Modeling Plaid, Yodlee, Akoya, and MX outputs in synthetic households

WealthSchema StaffIntegration patternsMay 9, 20266 min read

A wealth-tech platform that integrates with one or more aggregators sees the world through that aggregator's normalization layer. The underlying institution might be Schwab, Fidelity, Vanguard, a small RIA on Pershing's clearing platform, or a credit union with a Symitar core — but the data your platform receives is normalized to the aggregator's own schema, with all the loss-of-fidelity and edge-case-papering-over that implies. This article walks through what the four major US aggregators (Plaid, Yodlee, Akoya, MX) each return for investment and brokerage data, where their schemas diverge, and what your test data has to look like to exercise the integration honestly.

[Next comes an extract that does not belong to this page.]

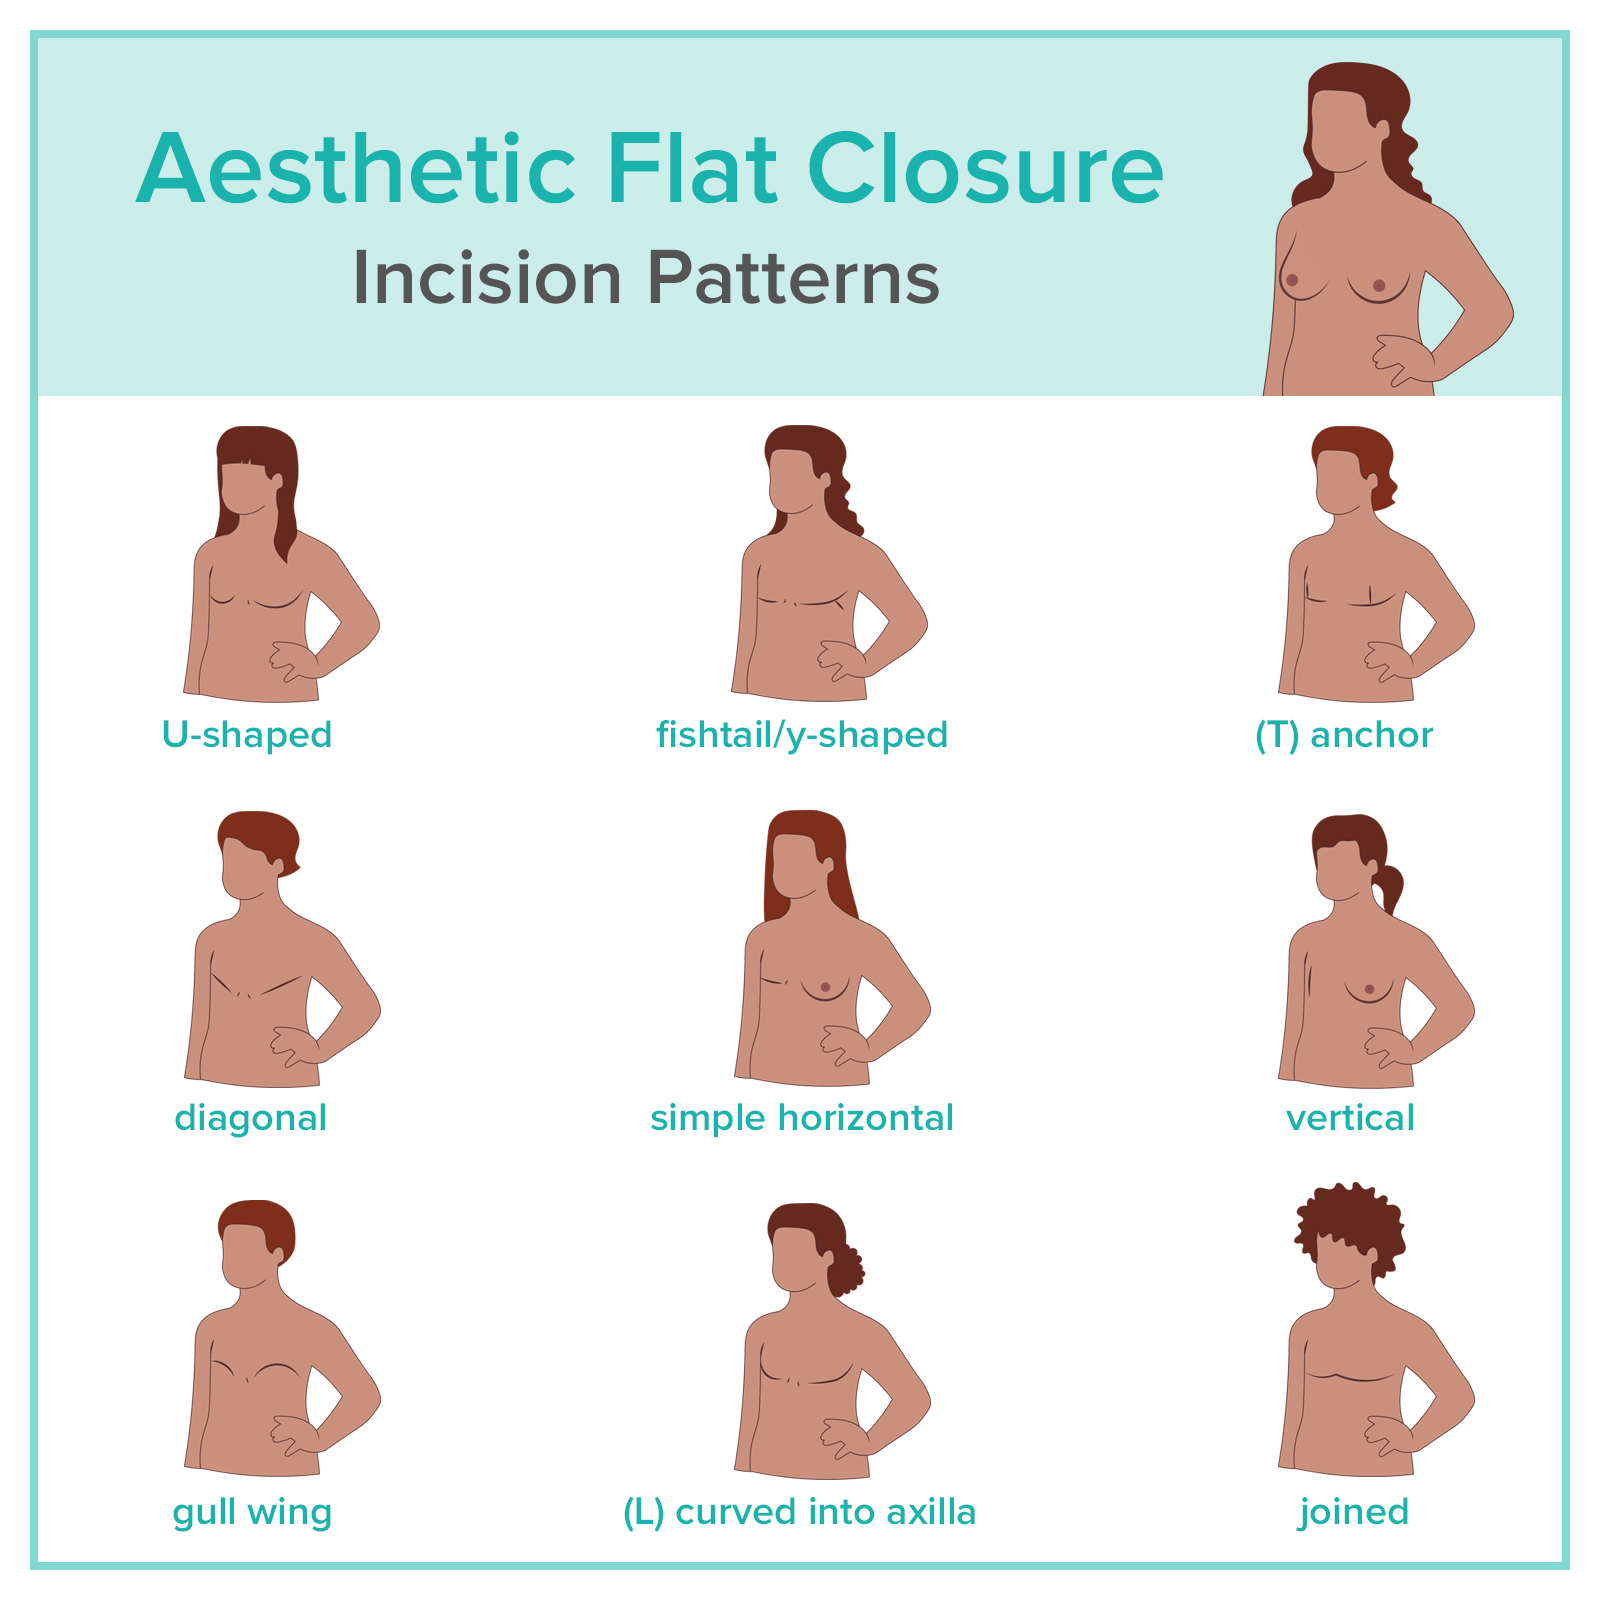 What is an Aesthetic Flat Closure

The four aggregators in one paragraph each

Plaid. The largest US aggregator by consumer-app integrations. Originally banking-focused; the Investments product launched in 2018 and has been the most-adopted aggregator endpoint for fintechs that need brokerage data without going custodian-direct. Output schema is documented; FDX-conformant for most institutions. Position-level data is provided, but lot-level basis is not consistently available even when the underlying institution supports it.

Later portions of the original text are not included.